◆ **The task**
When you reach the line that contains "Métal : or jaune 14k", give it back exactly along with each line after it to the end of the entries; skip any pictures.

(Stored entries)
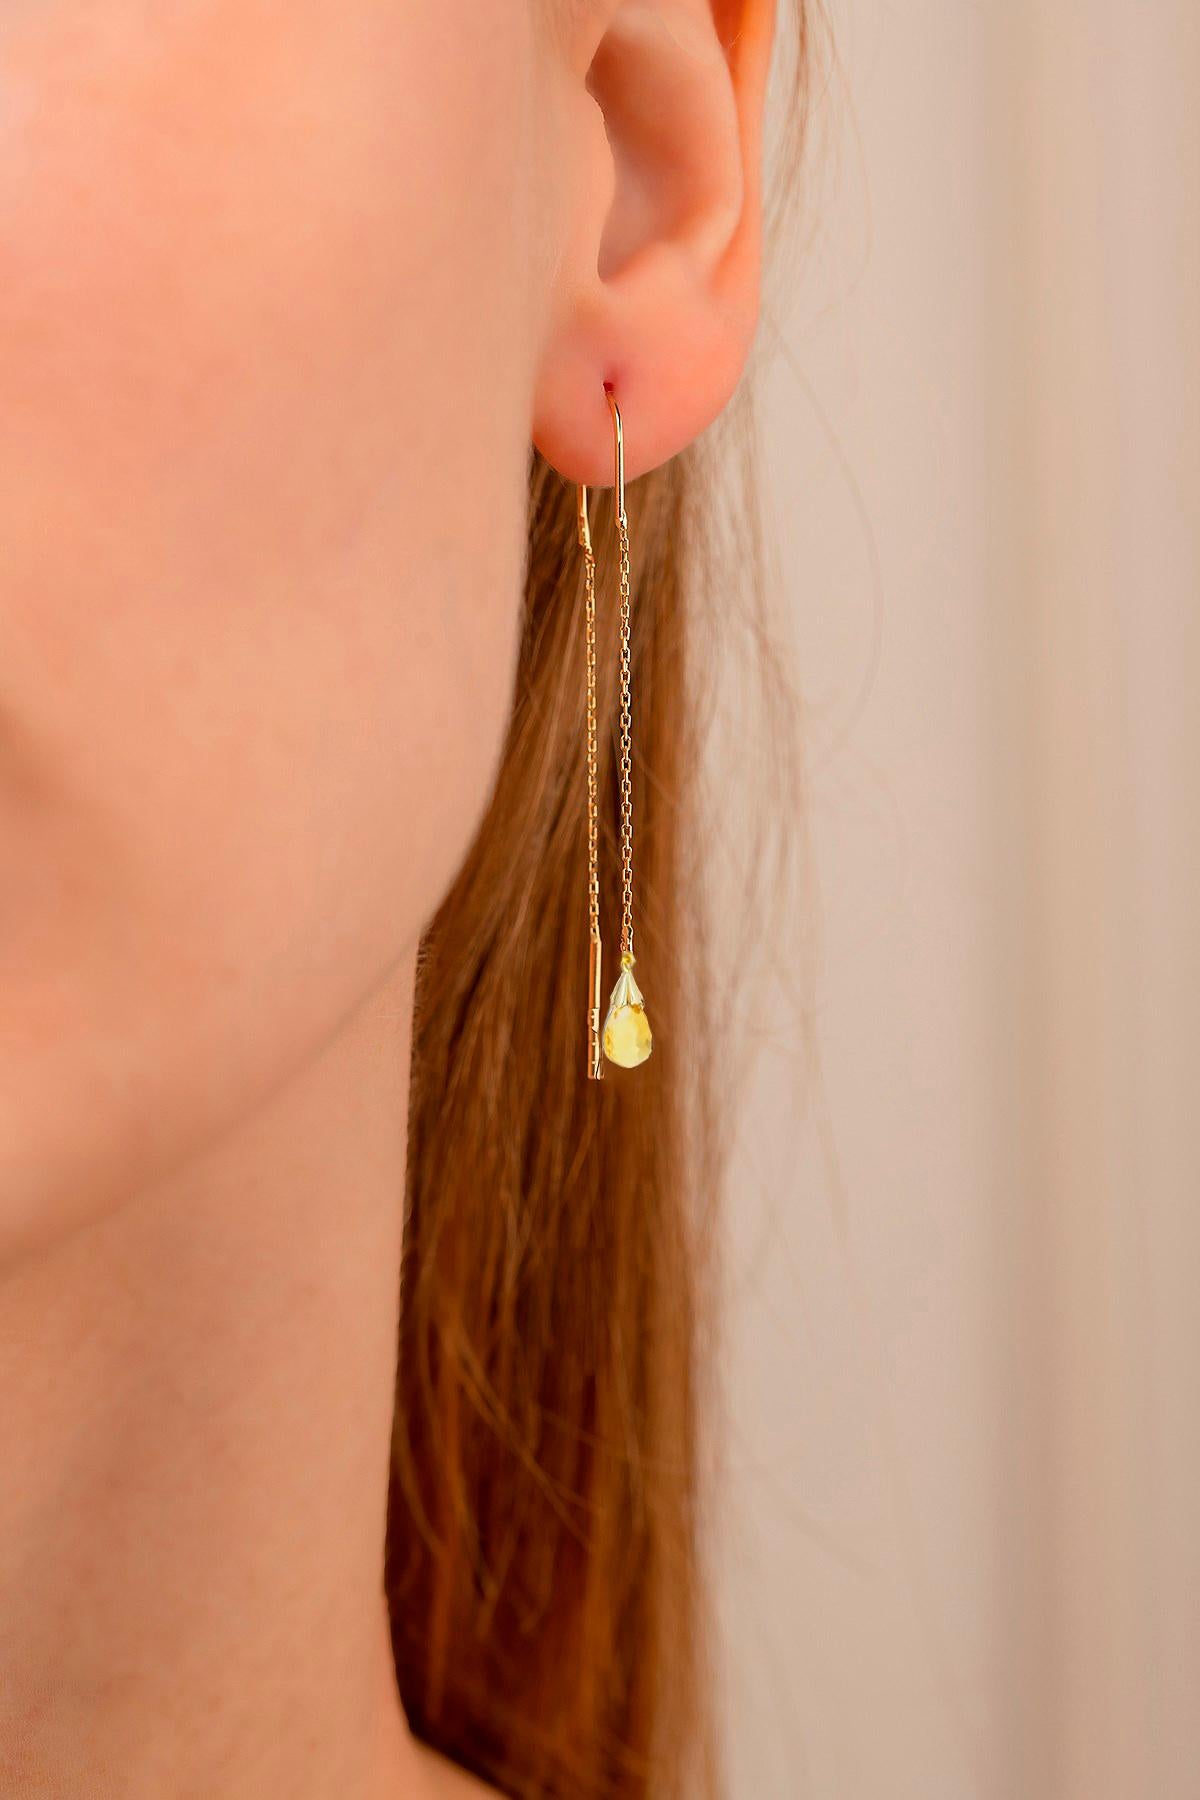 Boucles d'oreilles Threader en or jaune 14 carats avec citrines. 
Boucles d'oreilles en citrine à chaîne fine. Enfile-oreilles en forme de U. Boucles d'oreilles en citrine de tous les jours.

Métal : or jaune 14k
Poids : 1,81 g.
Taille : 13,5 mm (4
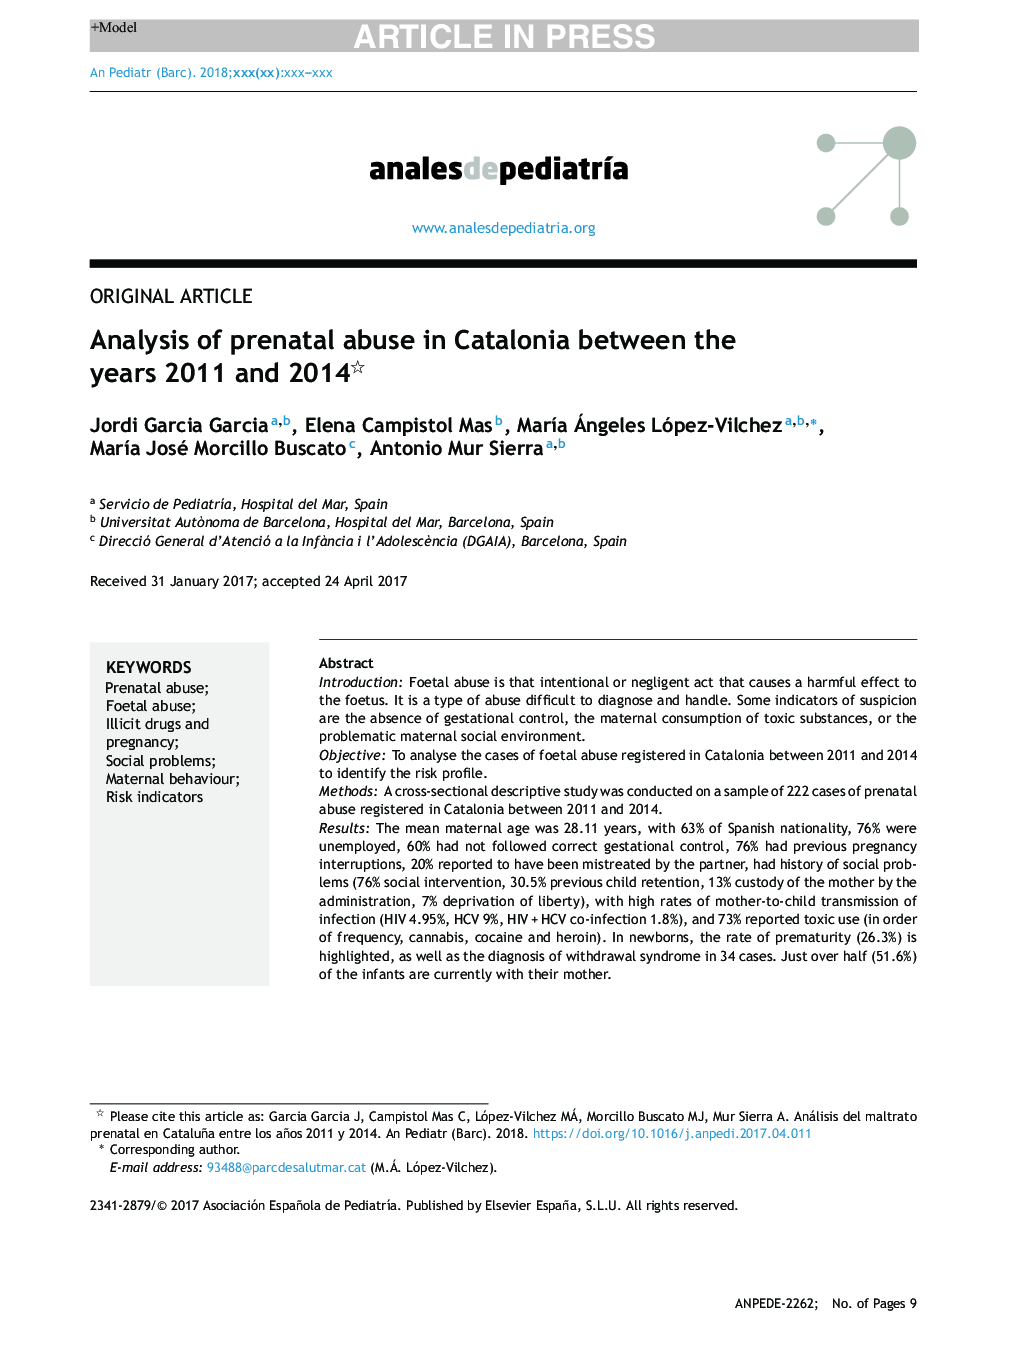 تجزیه و تحلیل سوء استفاده قبل از تولد در کاتالونیا بین سال های 2011 و 2014 
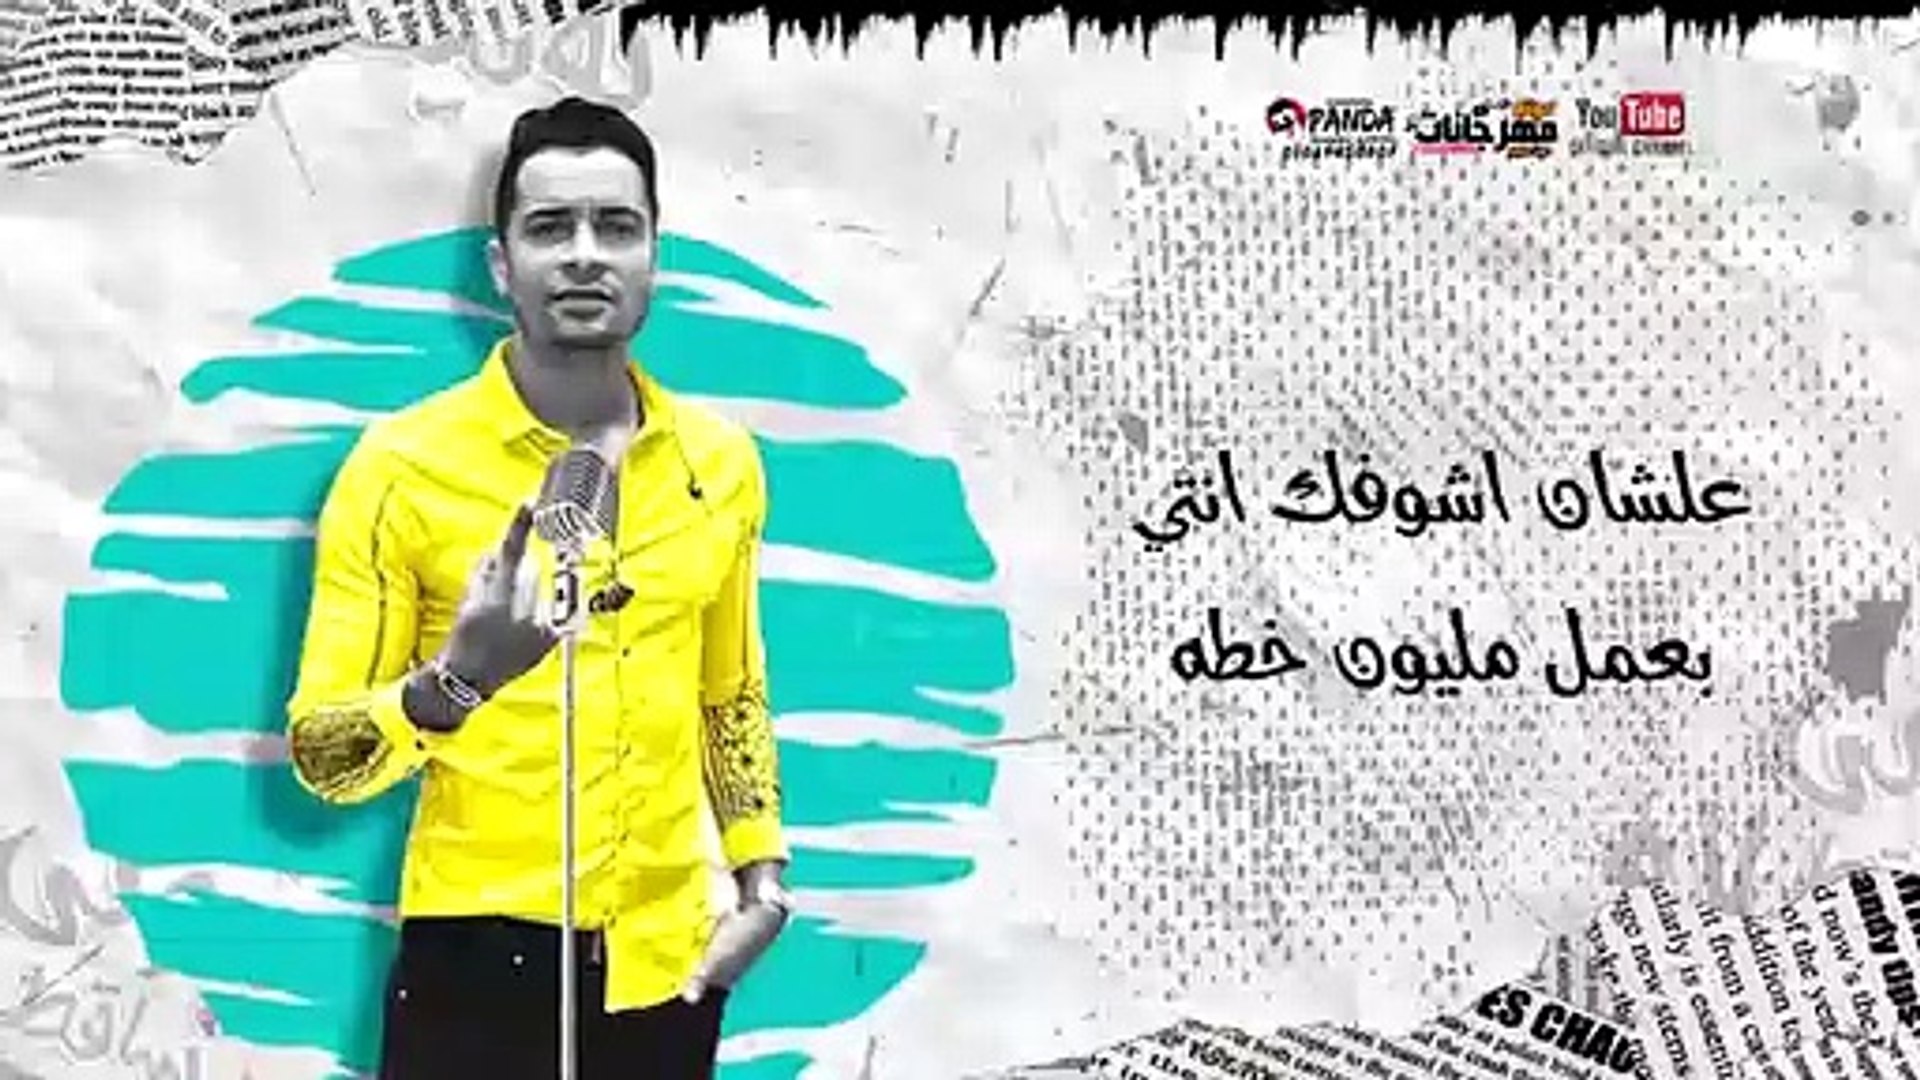 مهرجان عود البطل حسن شاكوش و عمر كمال - توزيع اسلام ساسو 2020 - فيديو  Dailymotion
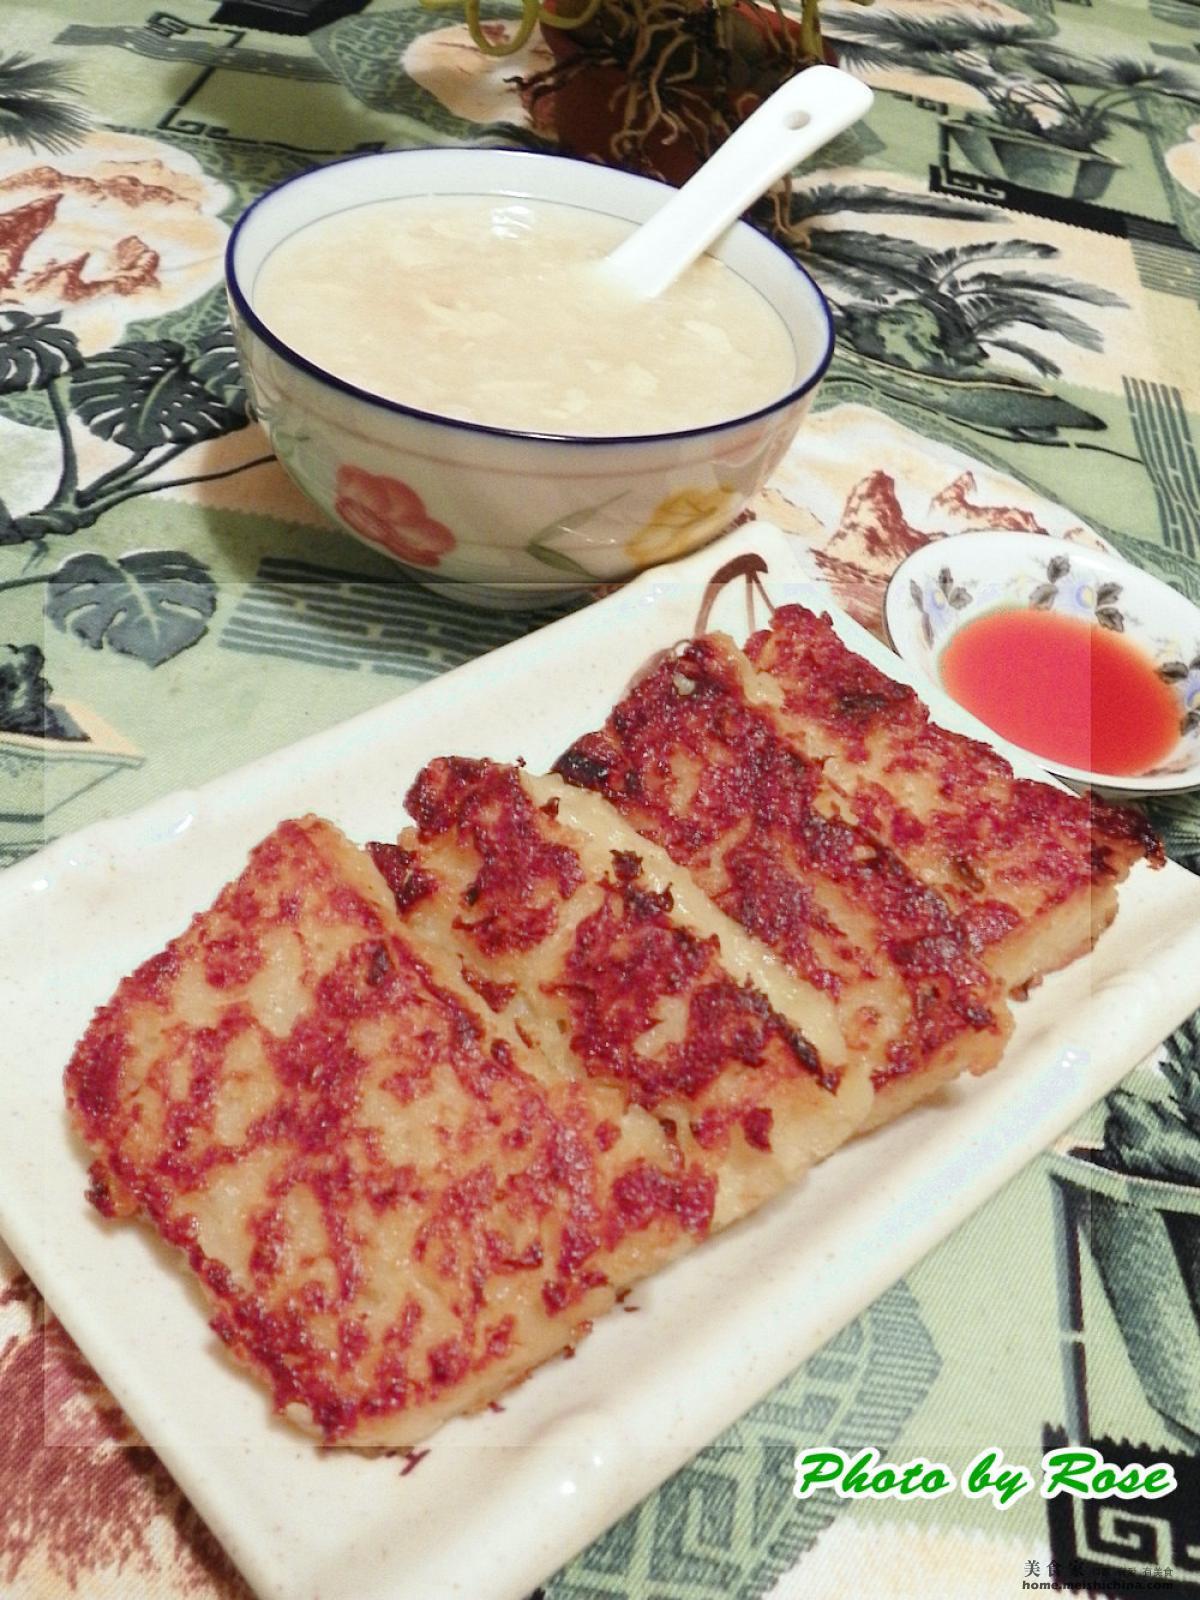 潮汕最传统的萝卜糕制作过程，爱吃萝卜糕的一定要收藏_哔哩哔哩 (゜-゜)つロ 干杯~-bilibili

◆ **Response area**
Métal : or jaune 14k
Poids : 1,81 g.
Taille : 13,5 mm (4
 تجزیه و تحلیل سوء استفاده قبل از تولد در کاتالونیا بین سال های 2011 و 2014 
 مهرجان عود البطل حسن شاكوش و عمر كمال - توزيع اسلام ساسو 2020 - فيديو  Dailymotion
 潮汕最传统的萝卜糕制作过程，爱吃萝卜糕的一定要收藏_哔哩哔哩 (゜-゜)つロ 干杯~-bilibili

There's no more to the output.